> _Recorded data_

§ §

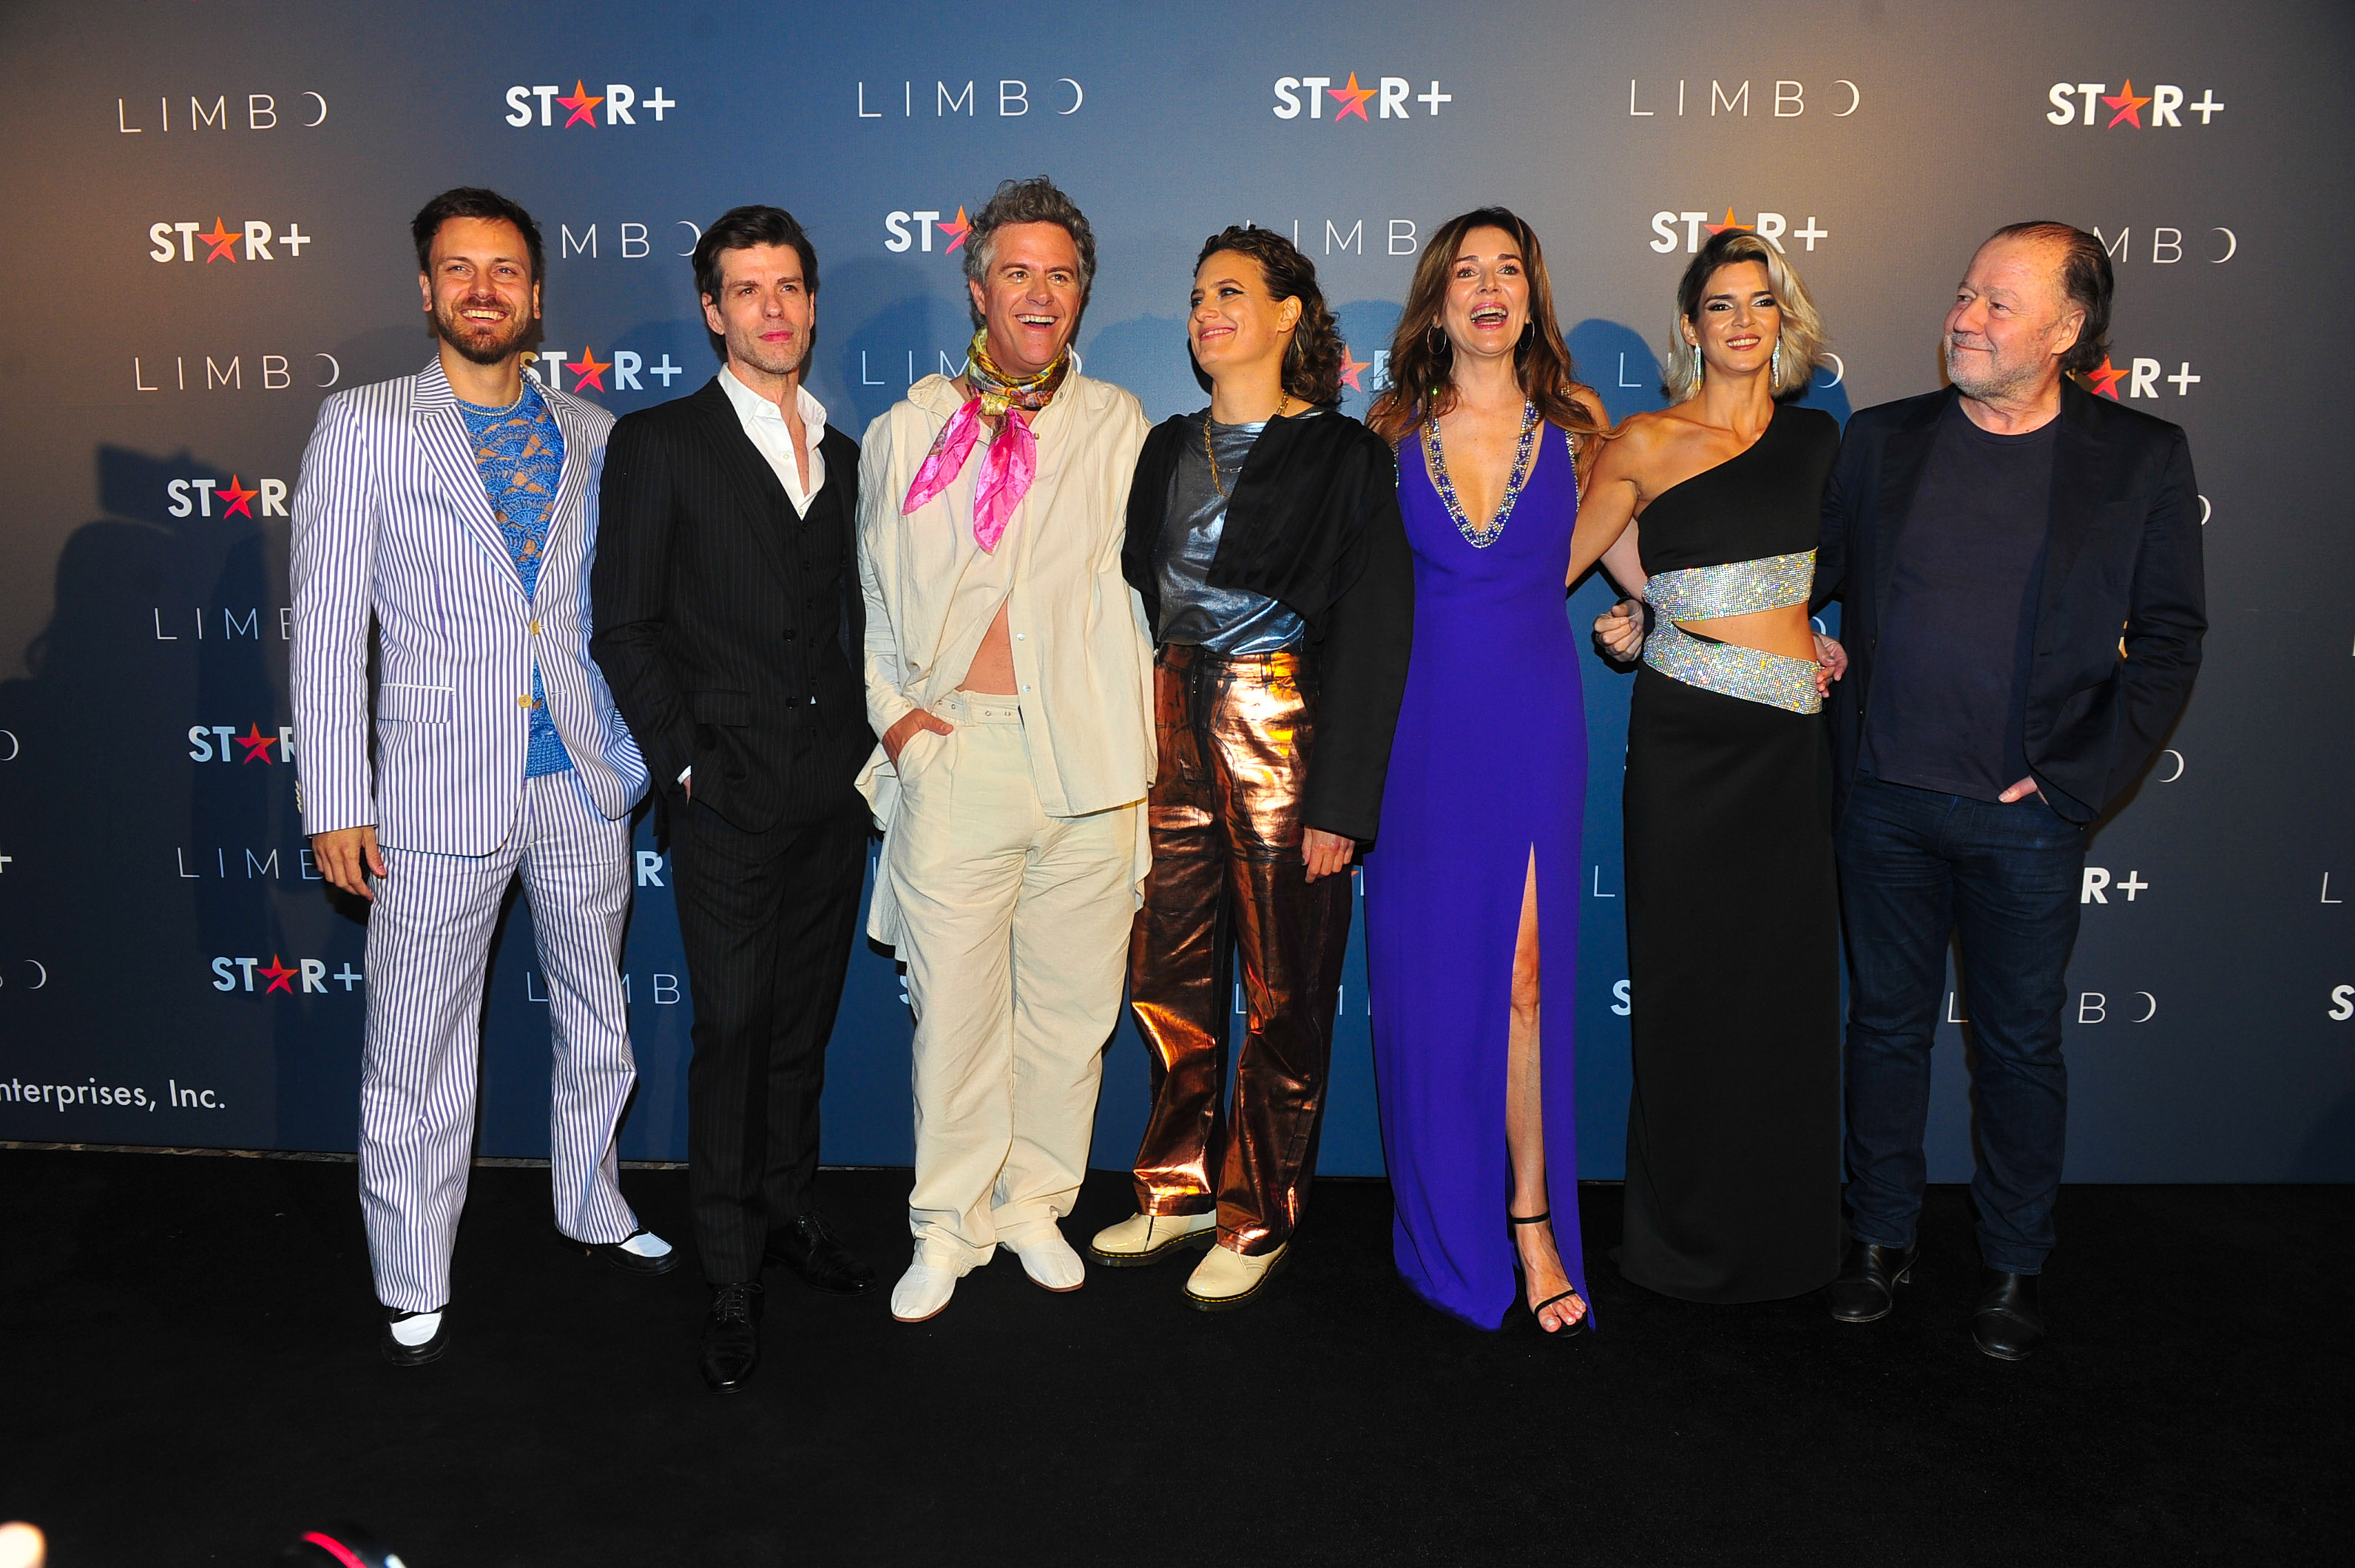 El elenco de Limbo, la nueva estrella + apuesta (Crédito: Fotos RS)
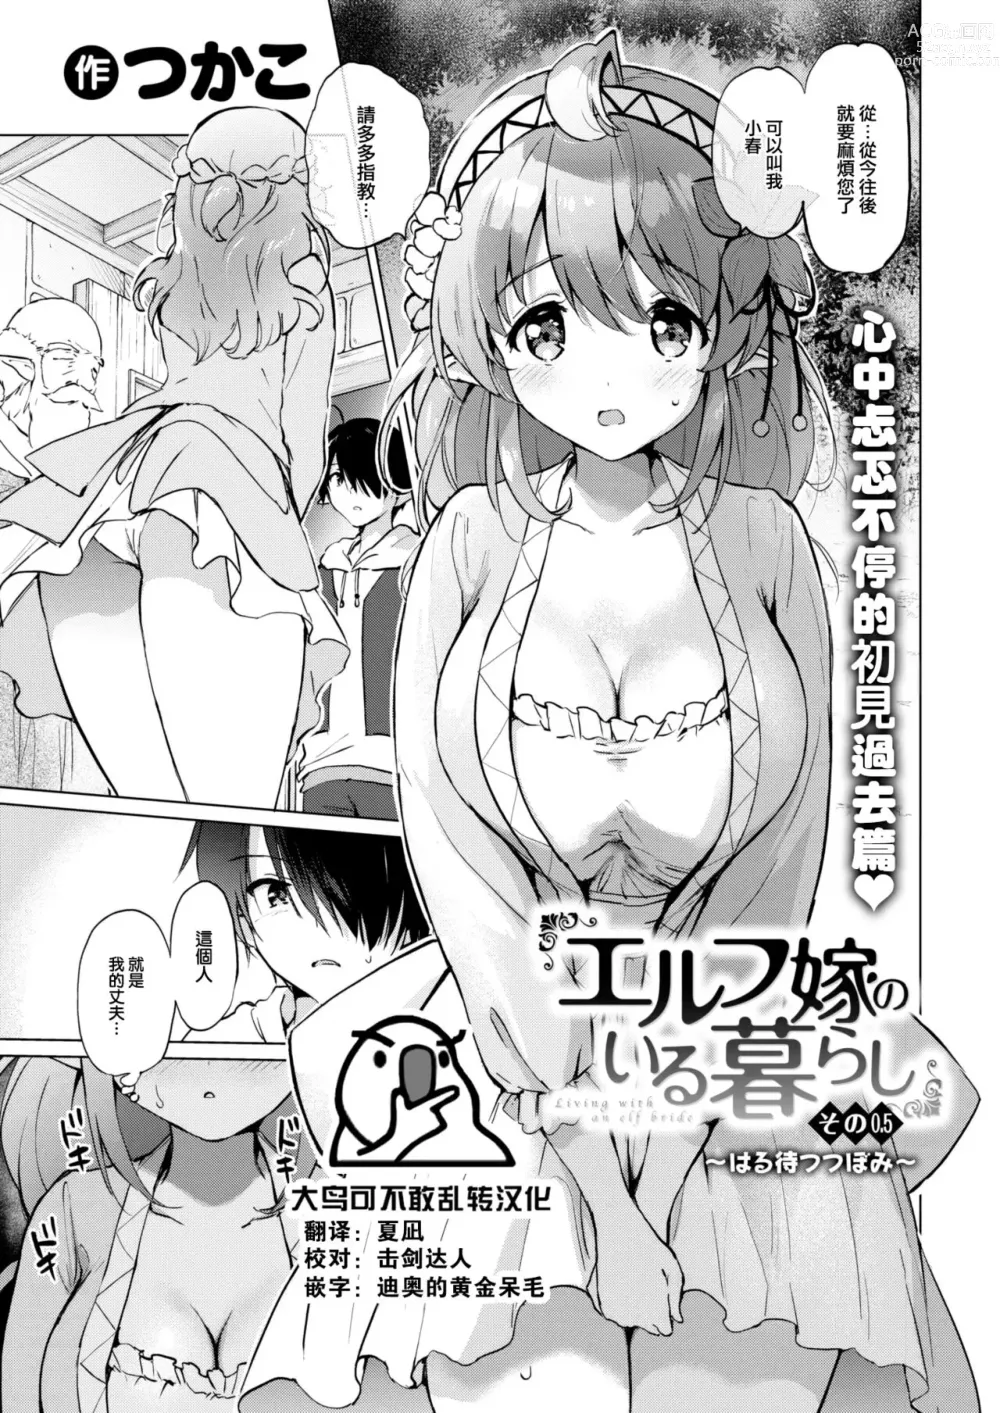 Page 1 of manga Elf yome no iru kurashi Sono 0.5 ~ Haru matsu tsubomi ~
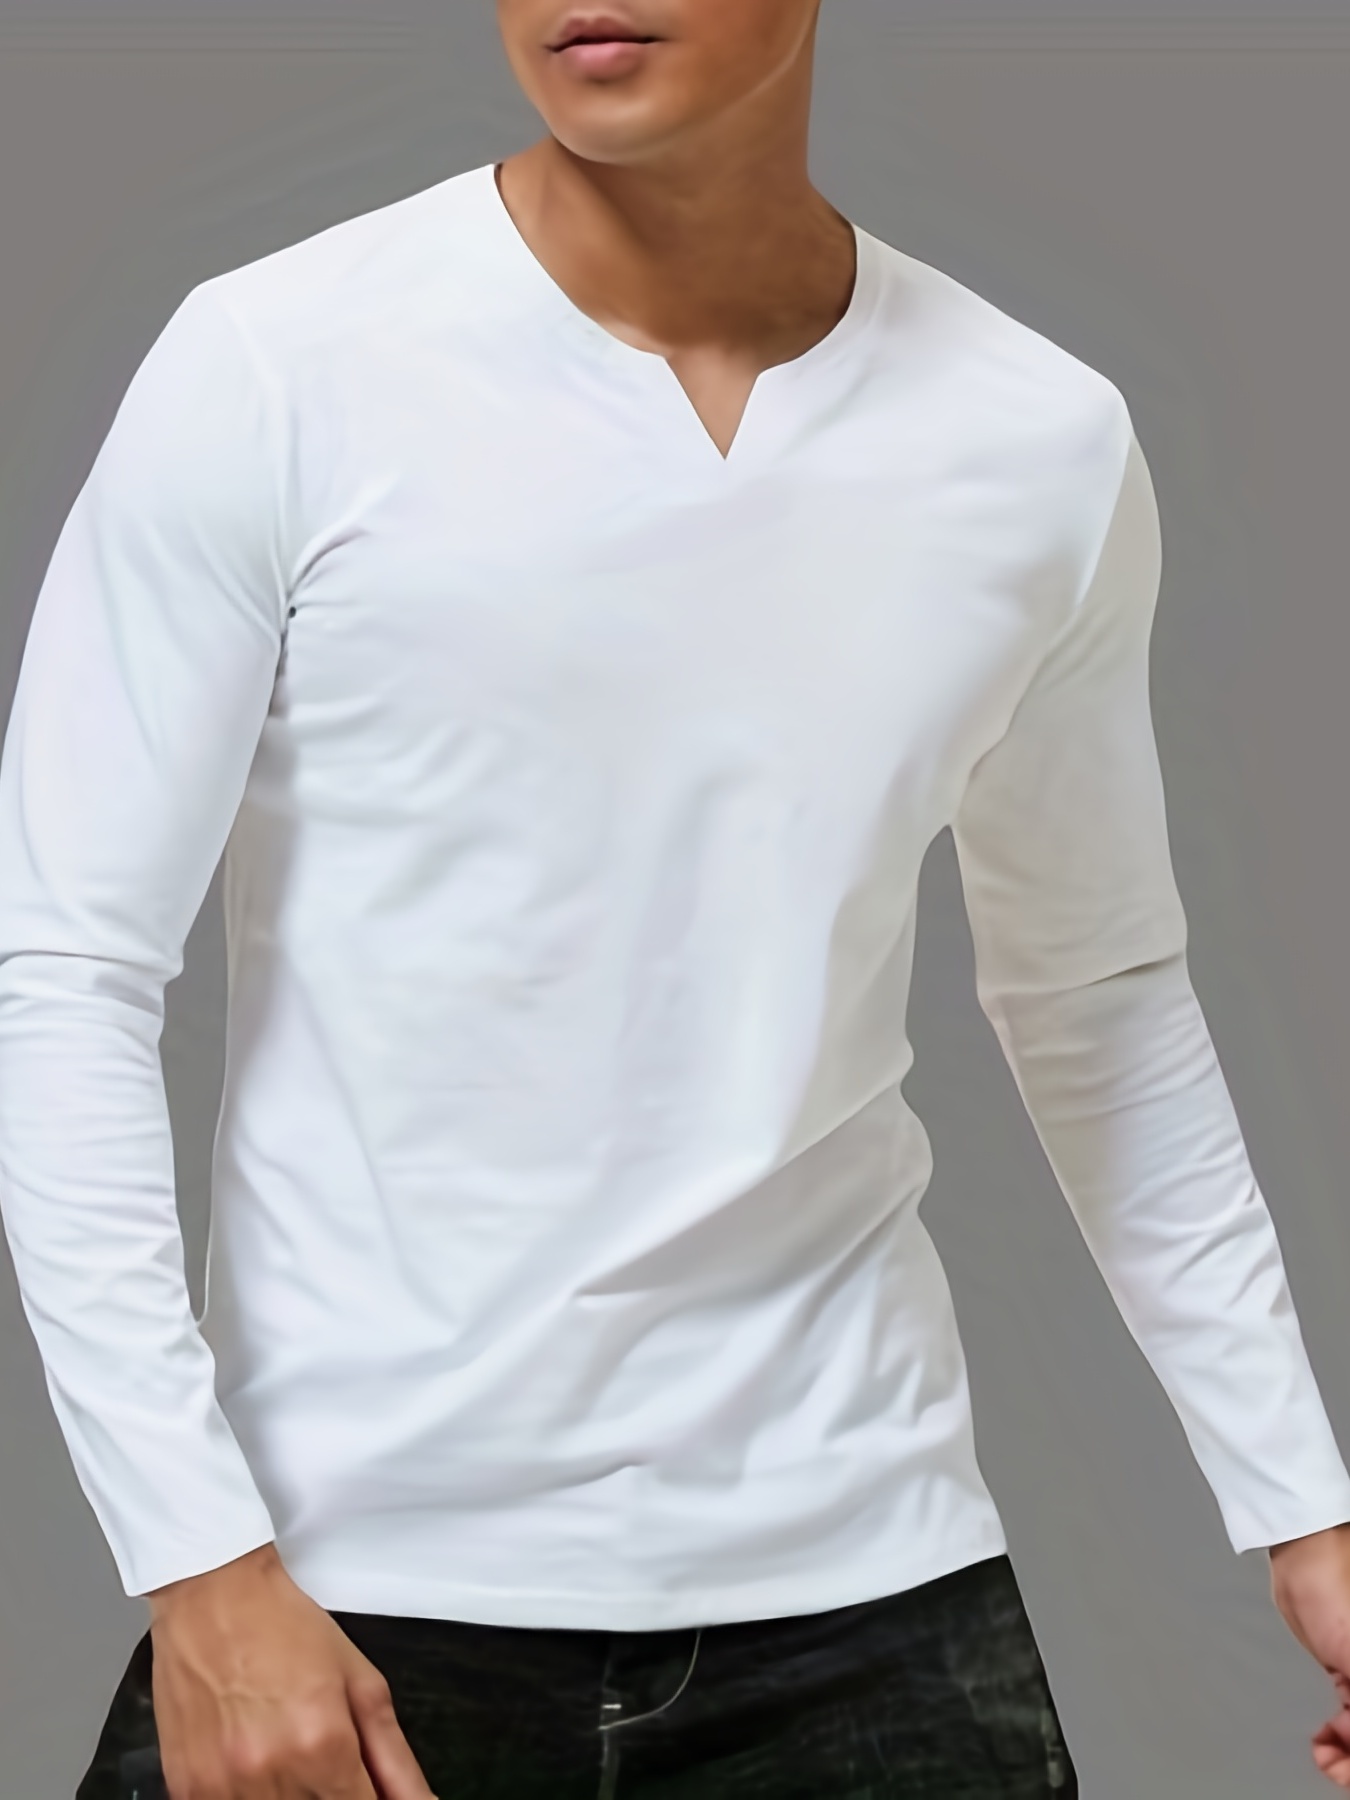 Camisetas Deportivas para Hombre  Entra y compra en Punto Blanco

§ §

Print the listing verbatim; no pictures.

> _Solution for this exercise_
 El elenco de Limbo, la nueva estrella + apuesta (Crédito: Fotos RS)
 Page 1 of manga Elf yome no iru kurashi Sono 0.5 ~ Haru matsu tsubomi ~
 Camisetas Deportivas para Hombre  Entra y compra en Punto Blanco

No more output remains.